To quantify the quality of the GrowCut algorithm, we performed intra- and inter-physician segmentations40,41. The results also provided an upper segmentation threshold and therefore a quality measure for our algorithm. For the intra-physician segmentation, a neurosurgeon segmented twelve glioblastoma multiforme. After two weeks, the same neurosurgeon segmented these twelve cases again. The detailed results are presented in Table 2 and provide a mean value μ and a standard deviation σ of 90.29 ± 4.48% with a minimal Dice Similarity Coefficient of 84.01% and a maximal Dice Similarity Coefficient of 96.30% (see the first column). Finally, Table 2 also shows inter-physician segmentation results for the twelve glioblastoma multiforme (see the second and third columns). Therefore, the segmentation of the neurosurgeons Y and Z have been compared with the segmentations of neurosurgeon X. It is evident that there is an upper threshold with a Dice Similarity Coefficient of around ninety percent for the manual intra- and inter-physician segmentations (average DSC when compared with an automatic segmentation: 79.96 ± 8.06% (neurosurgeon X), 77.79 ± 8.49% (neurosurgeon Y) and 76.83 ± 13.67% (neurosurgeon Z)). The DSC of 90% can be thought of as a metric for estimating how well an automatic segmentation result is performing relative to the range of performance of experts and perhaps also can serve as an indicator for how much manual post-editing will be required after the automatic segmentation is performed.

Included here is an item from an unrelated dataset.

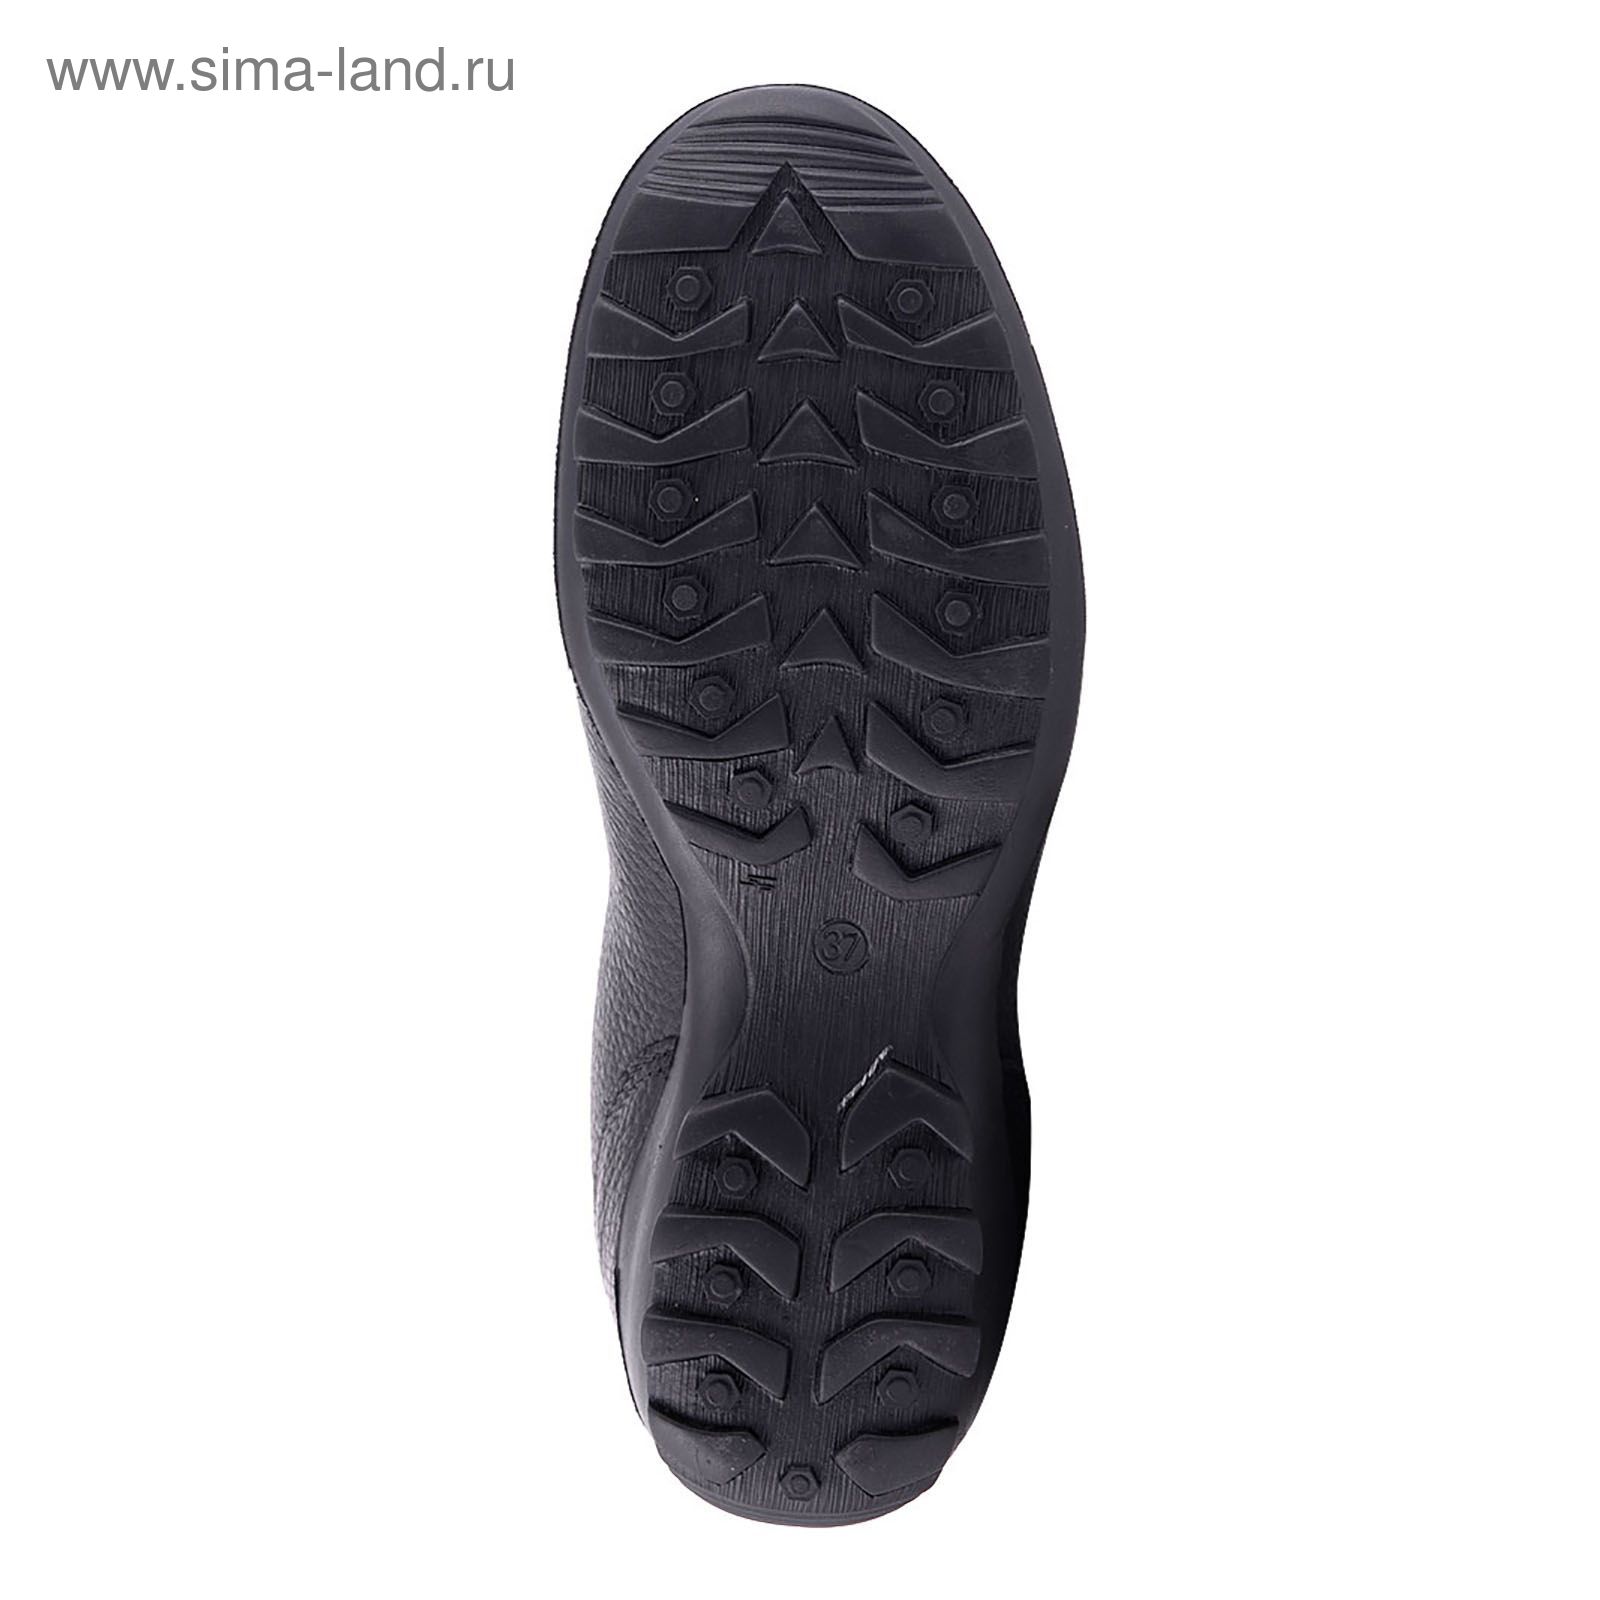 Ботинки TREK Спринт 93-01 мех (черный) (р.36)

In this paper, the evaluation of glioblastoma multiforme segmentation with the free and open source medical image analysis software 3D Slicer has been presented. Slicer provides a semi-automatic, 3D segmentation algorithm, GrowCut, that is a viable alternative to the time-consuming process of volume determination during monitoring of a patient, for which slice-by-slice contouring has been the best demonstrated practice. Editing tools available in 3D Slicer are used for manual editing of the results upon completion of the automatic GrowCut segmentation. The volume of the 3D tumor is then computed and stored as an aide for the surgeon in decision making for comparison with follow-up scans. This segmentation has been evaluated on 10 GBM data sets against manual expert segmentations using the Dice Similarity Coefficient (DSC) and the Hausdorff Distance (HD). Additionally, intra-physician segmentations have been performed to provide a quality measure of the presented evaluation. In summary, the achieved research highlights of the presented work are:

  • Manual slice-by-slice segmentations of glioblastoma multiforme (GBM) have been performed by clinical experts to obtain ground truth of tumor boundaries and estimates of rater variability.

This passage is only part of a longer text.